A few restaurants have reported third quarter earnings this week. MCD reported another strong quarter with sales advancing 10.1% from the third quarter last year. US same store sales increased 8.5% during the third quarter. The quarter ended especially strong as September same store sales were up 10.6%. Currency did play a factor in total sales as sales grew a more meager 6.6% during the third quarter. Sonic reported 8.8% same store sales and EPS growth of 16%. CEC Entertainment experienced a 36% increase in earnings per share, while only showing a 0.7% increase in same store sales.

Gannett said that despite a $50 per ton announced price increase, transaction prices have barely moved. However, it did say that its pricing was 10% more than last year. Daily publisher consumption trending below year-ago levels. The advertising environment improved throughout the third quarter led by a 20% increase in employment and 14% increase in real estate. On the local level, furniture, health, financial, and home improvement were strong. Department stores, entertainment, grocery, and telecom was weak. Classified advertising increased 12% led by help wanted (+20.4%) and real estate (+14.1%). Automotive advertising fell 2.1%. Forty-four percent of its papers saw employment advertising increase by double-digits. Conversely, nationally, auto was up over 20%. The company attributed the large discrepancy by saying auto dealers are not as optimistic as the manufacturers. The company concluded its conference call presentation by saying that the economic recovery will be choppy and less robust than earlier predictions.

The New York Times reported September revenue this week that revealed that there has been little improvement from last year. Advertising revenue increased 2% with strength coming from telecommunications, national automotive, international fashion and technology. Countering what Gannett said, the New York Times saw growth in department store advertising, but weakness in help-wanted and real estate.
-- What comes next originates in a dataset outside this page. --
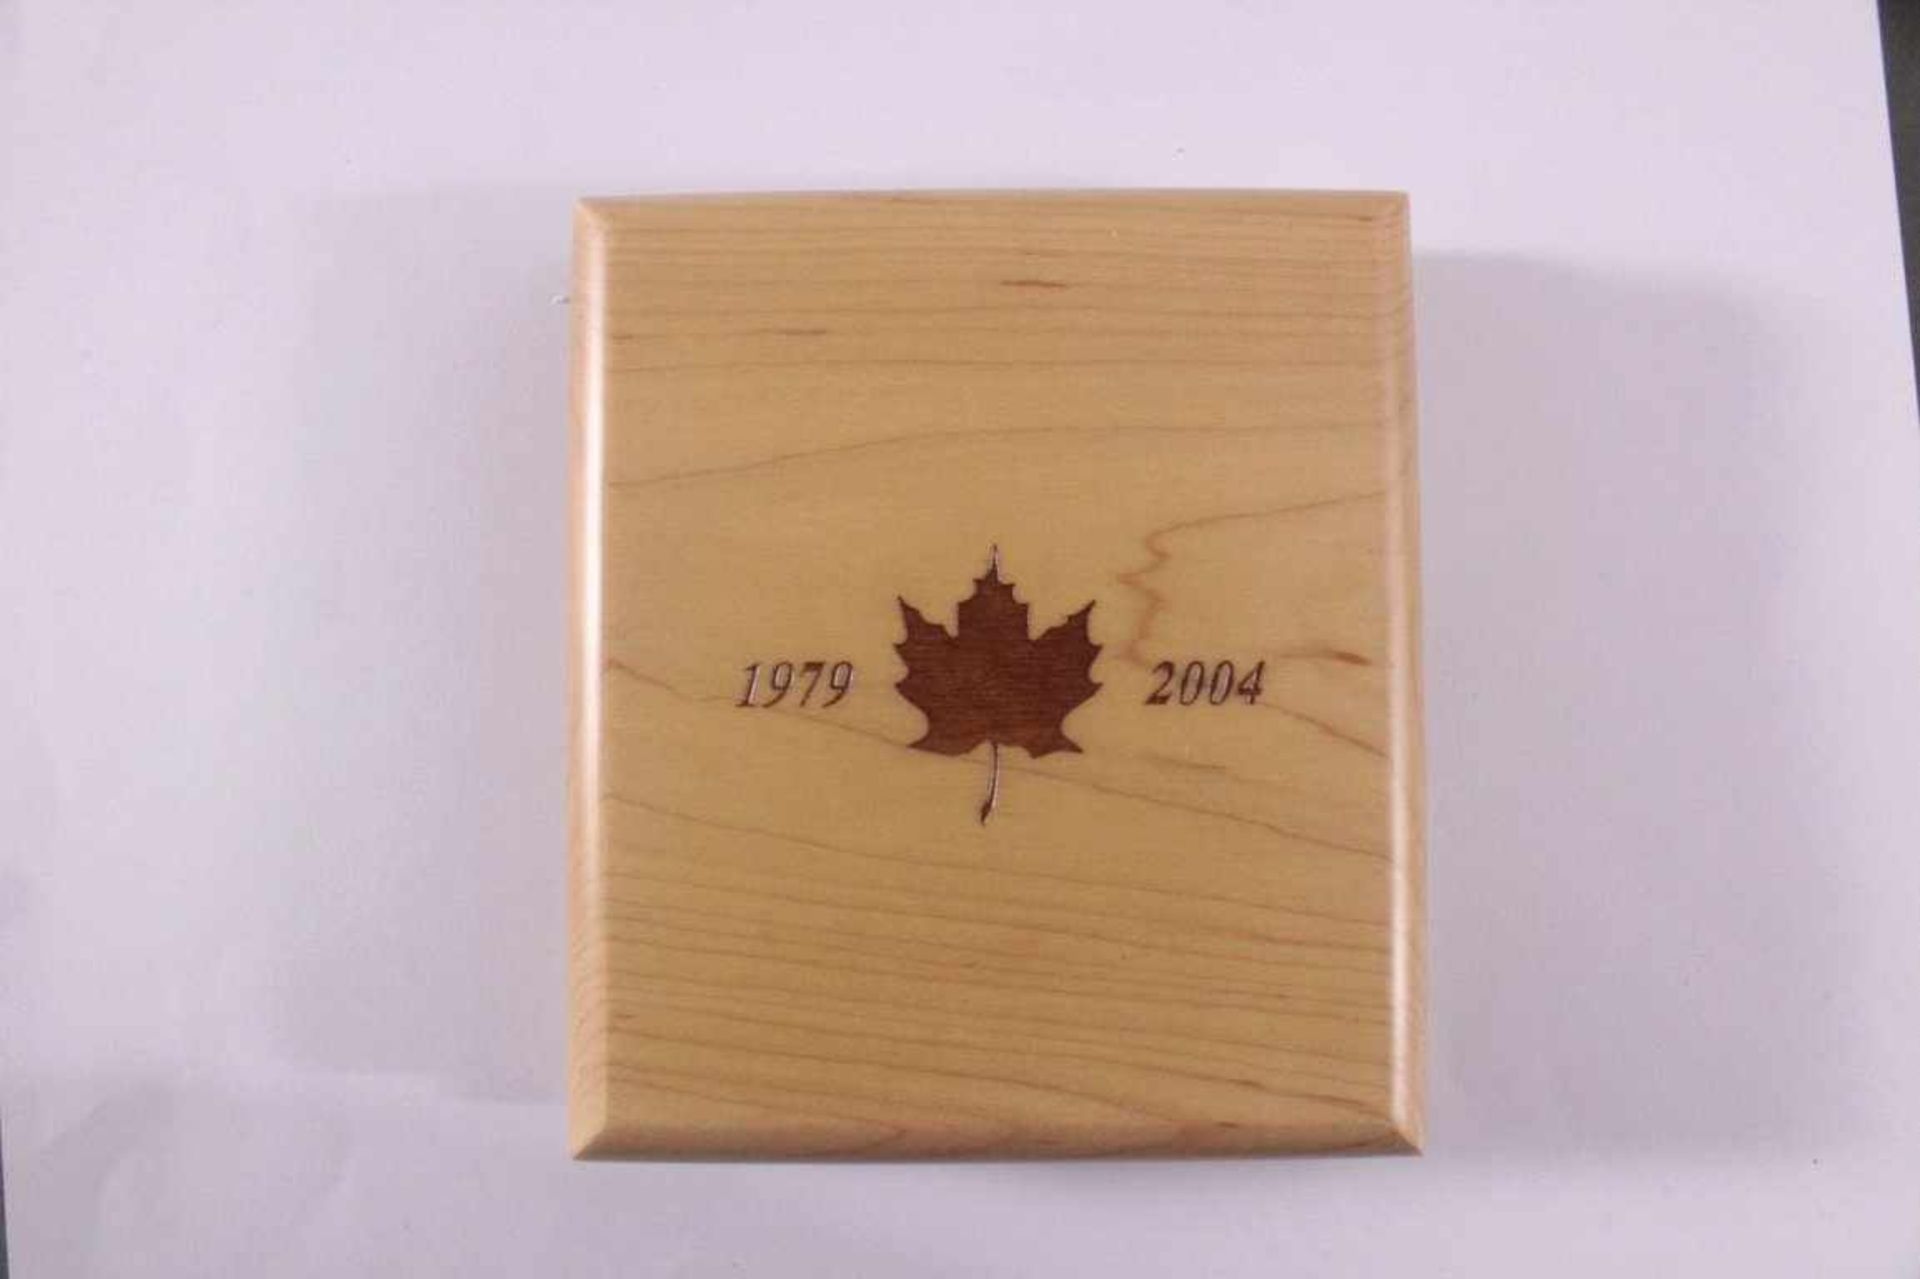 1 oz Maple Leaf Goldmünze50 kanadische Dollar, koloriert und mit einem Diamantenbesetzt. Inklusive - Image 4 of 4

While the two newspaper companies experienced different results from the retail sector, the latest tally from the ISCS shows that retail sales increased 0.5% from the previous week, but the year-over-year increase dropped to 2.4% from 2.6% last week. Another indication that retail sales are lackluster was the earnings pre-announcement from Jones Apparel Group. The clothier lowered third quarter guidance from a range of $0.80 to $0.84 per share to $0.75 to $0.77 per share. It lowered fourth quarter earnings more substantially, from a range between $0.56 and $0.59 to between $0.40 and $0.45. The company cited consumer confidence, employment and of course the hurricanes as reasons for the weakness.

The number of pre-announcements over the past couple weeks has accelerated. The ratio of negative pre-announcements over positive announcements has increased to 2.1 from 2.0 at the beginning of the month and only 1.8 at the beginning of August. Earnings growth estimates have slipped to 13.0%, down from 13.8% at the beginning of October. Only about 10% of the S&P 500 has reported third quarter earnings. As the rest of the companies report earning over the next two weeks, investors should gain more clarity on business conditions and the prospects for the rest of the year.